Pros and cons of process mining, process modeling and process mapping
Process mining makes a science out of business process management — but certain prerequisites must be met before it can be applied:
- Pro: Process mining extracts the data from IT system event logs and renders it practical and usable for enterprise teams.
- Pro: Process-mining algorithms can make existing process models more accurate and generate hypothetical models of what would happen if a process were changed.
- Pro: Process mining provides a data-driven view of actually existing workflows and their outcomes, supplying the enterprise with more objective business intelligence to guide resource allocation, automation initiatives, workflow optimization and other key business decisions.
- Con: Organizations need to use specialized tools to deploy process mining because the method relies on advanced data-mining algorithms. That said, employees don’t necessarily need data science backgrounds to conduct process mining, as most process-mining tools automate the application of algorithms and the generation of models.

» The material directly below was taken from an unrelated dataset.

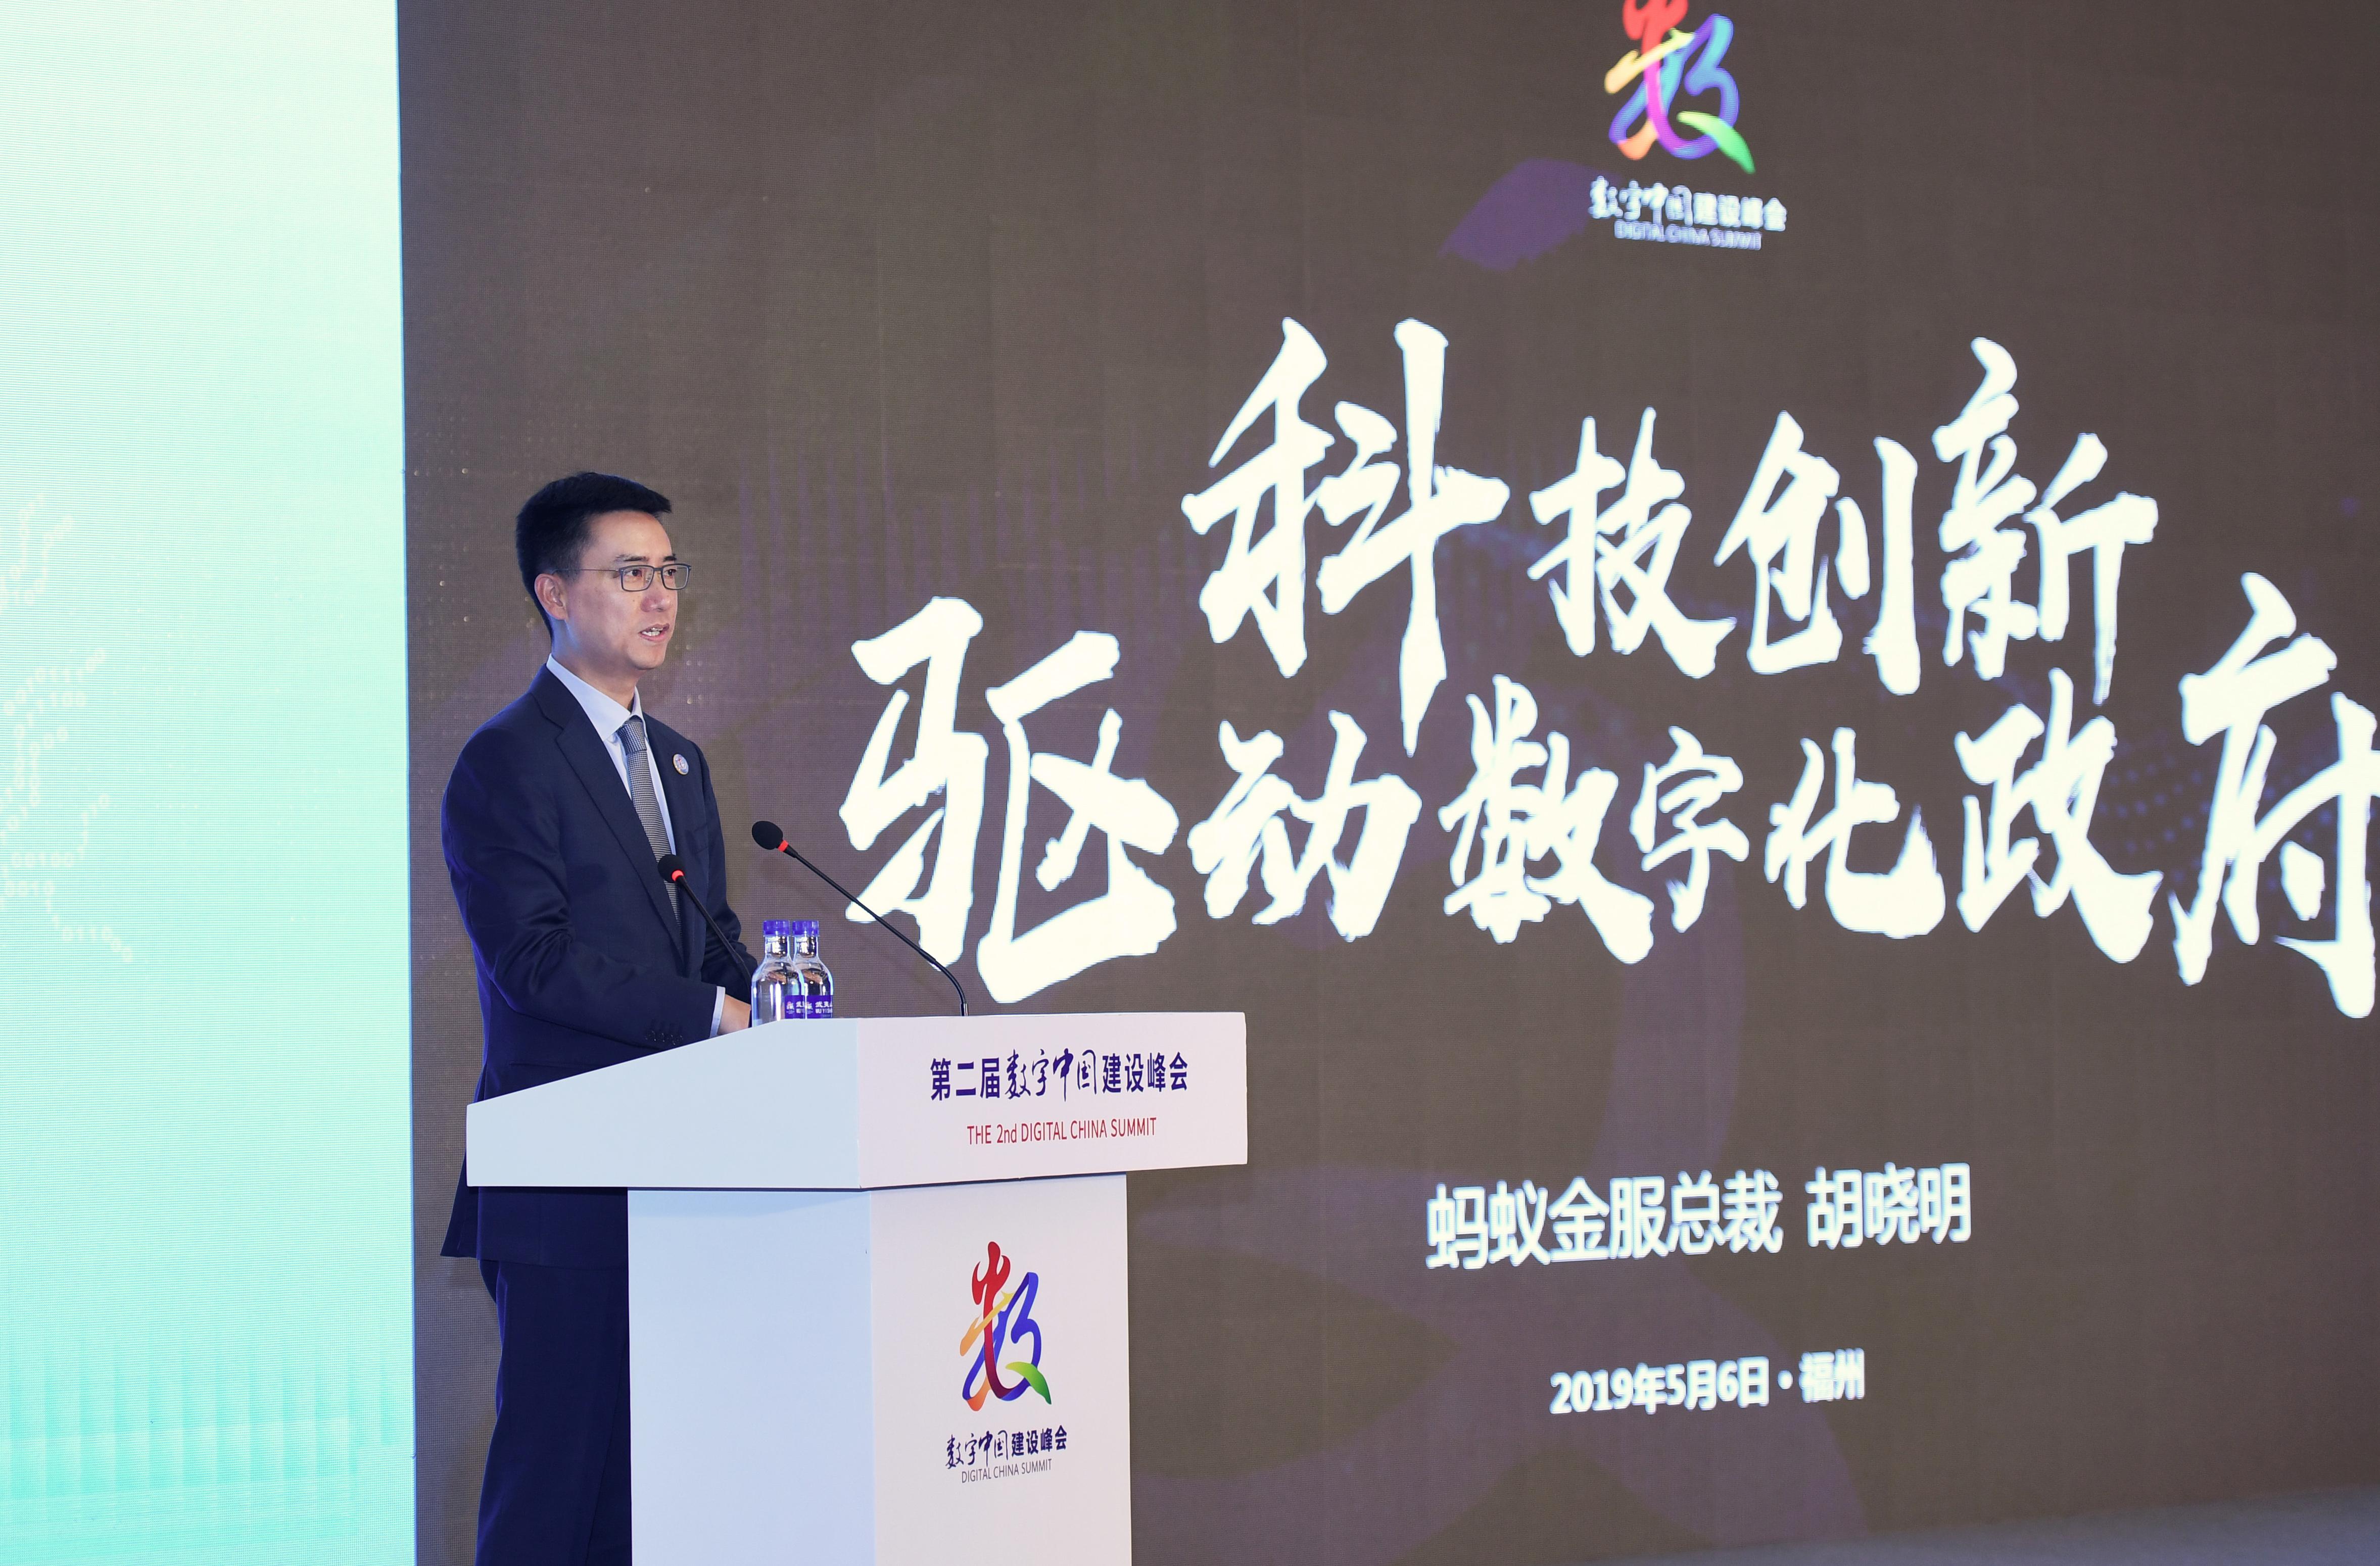 蚂蚁金服总裁胡晓明:每4个中国人就有1个在支付宝办事

Process modeling is useful for furnishing enterprises with more objective views of the workflows that power their operations. However, there are some types of data these models cannot capture:
- Pro: Process models offer objectively accurate representations of processes, removing human error and digging beyond assumptions to uncover what workflows look like in practice.
- Pro: Process models visually depict quantitative process data like time, success rates, error rates and objectively measurable outcomes, allowing for a more informed analysis of business processes and business logic. Without a process model, teams are limited to discussing workflows in qualitative terms that do not necessarily reflect reality.

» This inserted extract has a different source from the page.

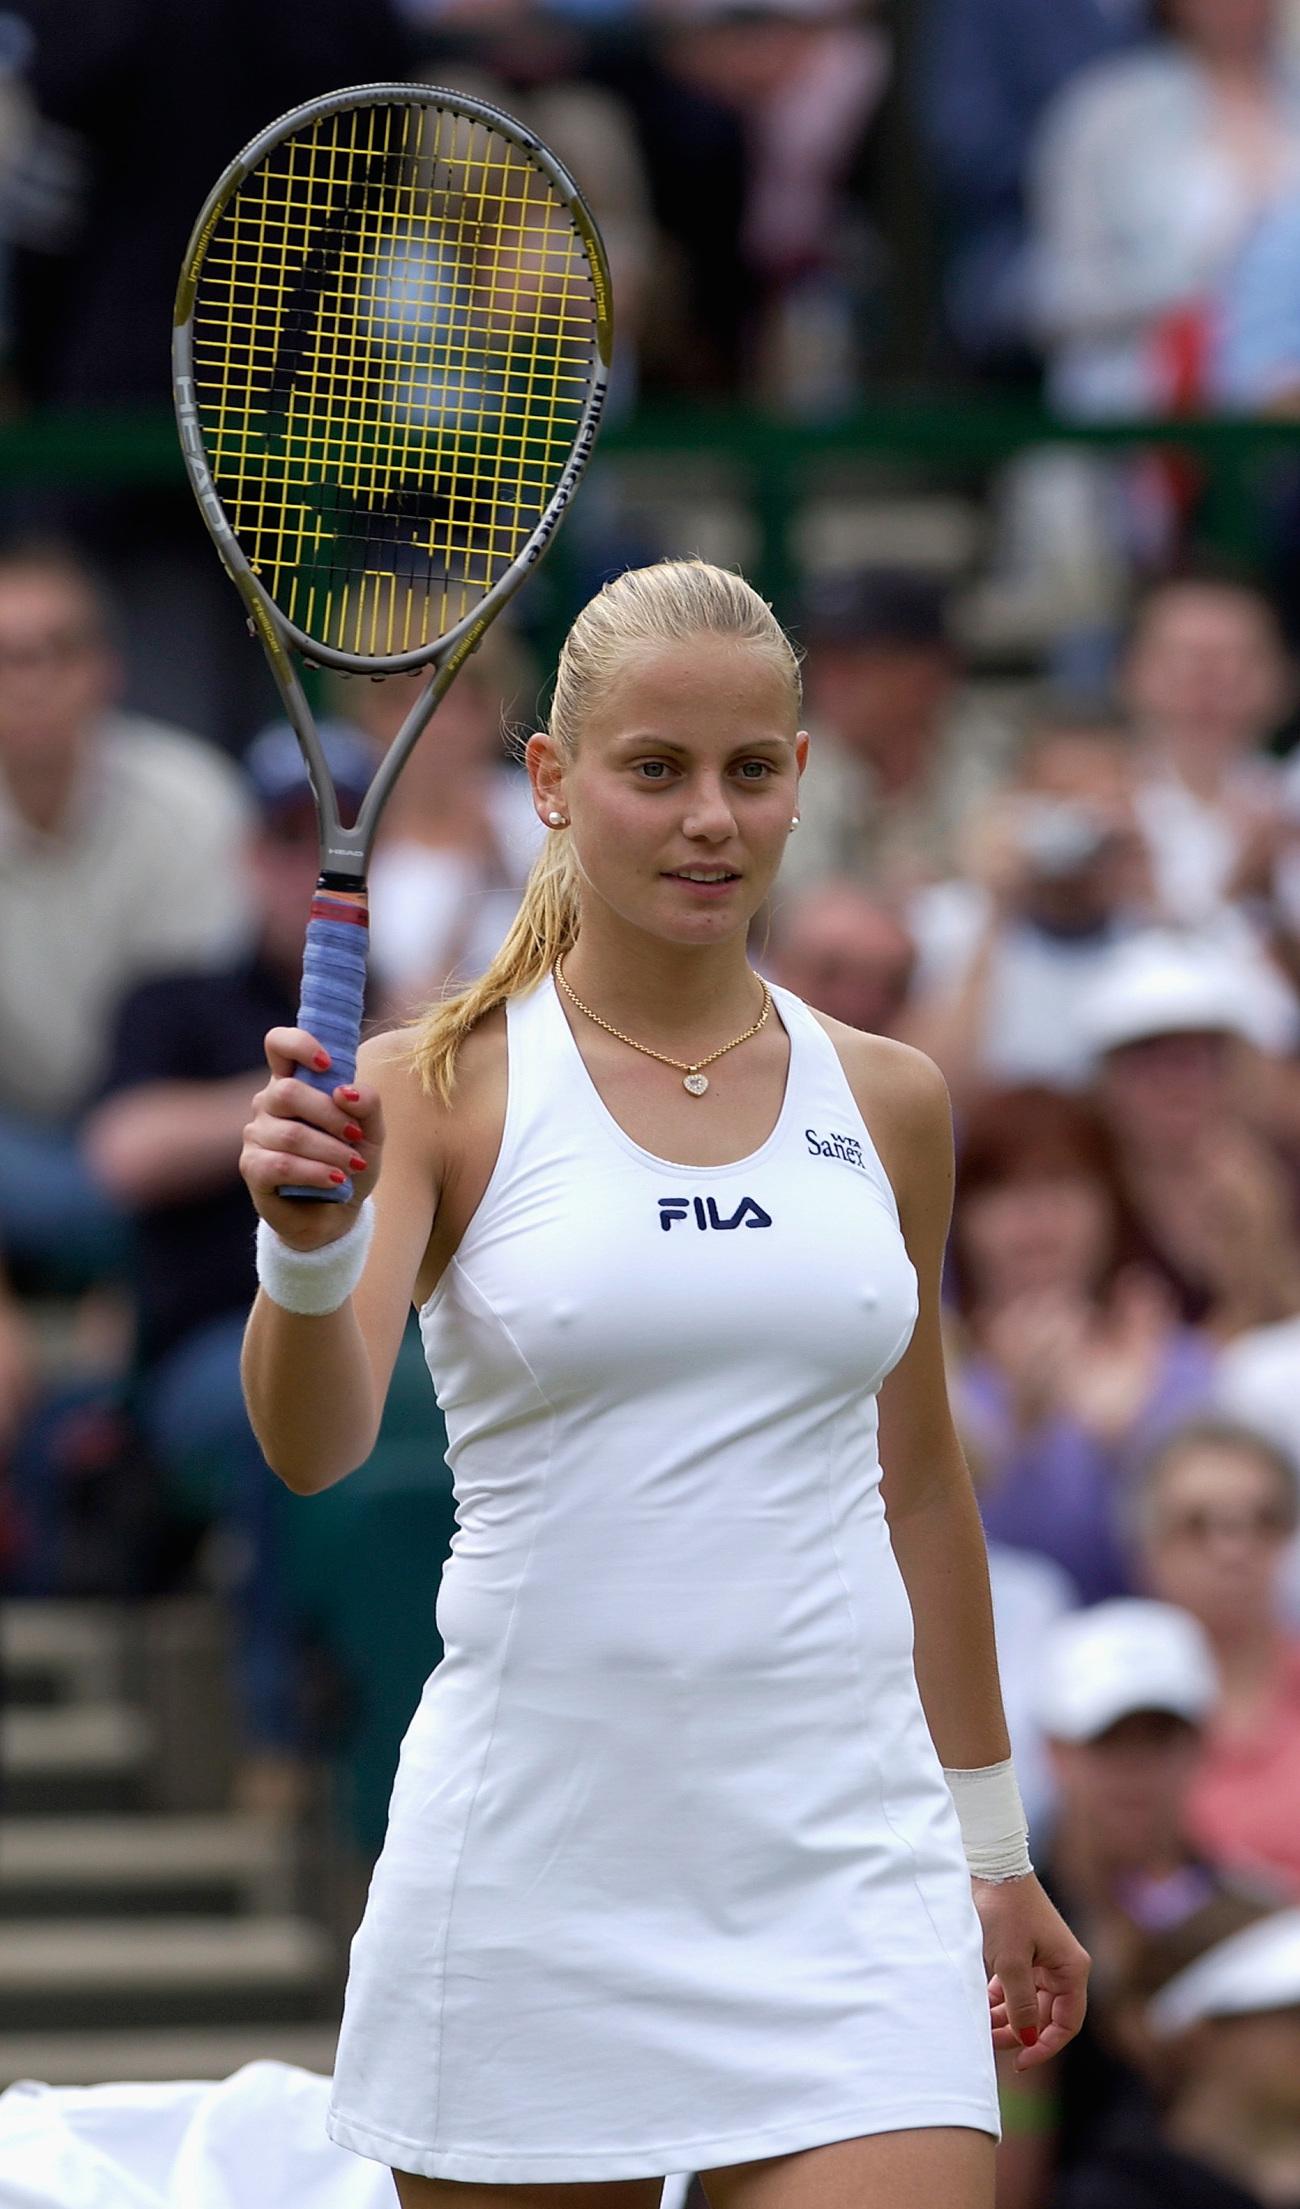 Jelena Dokic volt teniszező 2002-ben, amikor a világ negyedik helyére került

- Pro: Process models make disseminating and discussing processes easier by transforming abstract workflows into concrete s.
- Con: Process models cannot capture qualitative data about how employees experience workflows in the real world; they can only reflect data recorded in an event log.
Process mapping is a fast and flexible way to generate broad overviews of processes, but maps can sometimes be inaccurate because they rely on qualitative reports from employees:
- Pro: Process maps can capture qualitative data about how workflows manifest in real-world employee activities and interactions.
- Pro: Process maps don’t require much in the way of specialized tools, and they can be produced relatively quickly and easily.
- Con: Because process maps are based on employee workshops and interviews, they are less objective than process models and may contain flawed, incomplete or inaccurate information.
Business Process Map and Process Model
What is the difference between process modeling and process mapping?
Ultimately, process modeling is a more dynamic, agile approach that puts the processes in the context of the entire organization, which supports process lifecycles and continuous improvement. Process modeling is more focused on analysis and optimization of processes, whereas process mapping is about understanding the current state.
What is the difference between process modeling and process modeling?
It focuses more on diagramming existing processes as a point of reference, whereas process modeling is used as part of process simulation and process optimization. What is process modeling? Process modeling is the graphical representation of business processes or workflows in detail and in the context of business operations.
What is process mining & process mapping?
Process mining, process modeling and process mapping are distinct, but related, methods of visualizing and analyzing business processes. Every business is, ultimately, a collection of business processes.
What is process mapping?
Process mapping is the process of drawing out all the steps and tasks involved in a business process, to create a process map, also known as a workflow diagram, which visually describes what happens, step-by-step.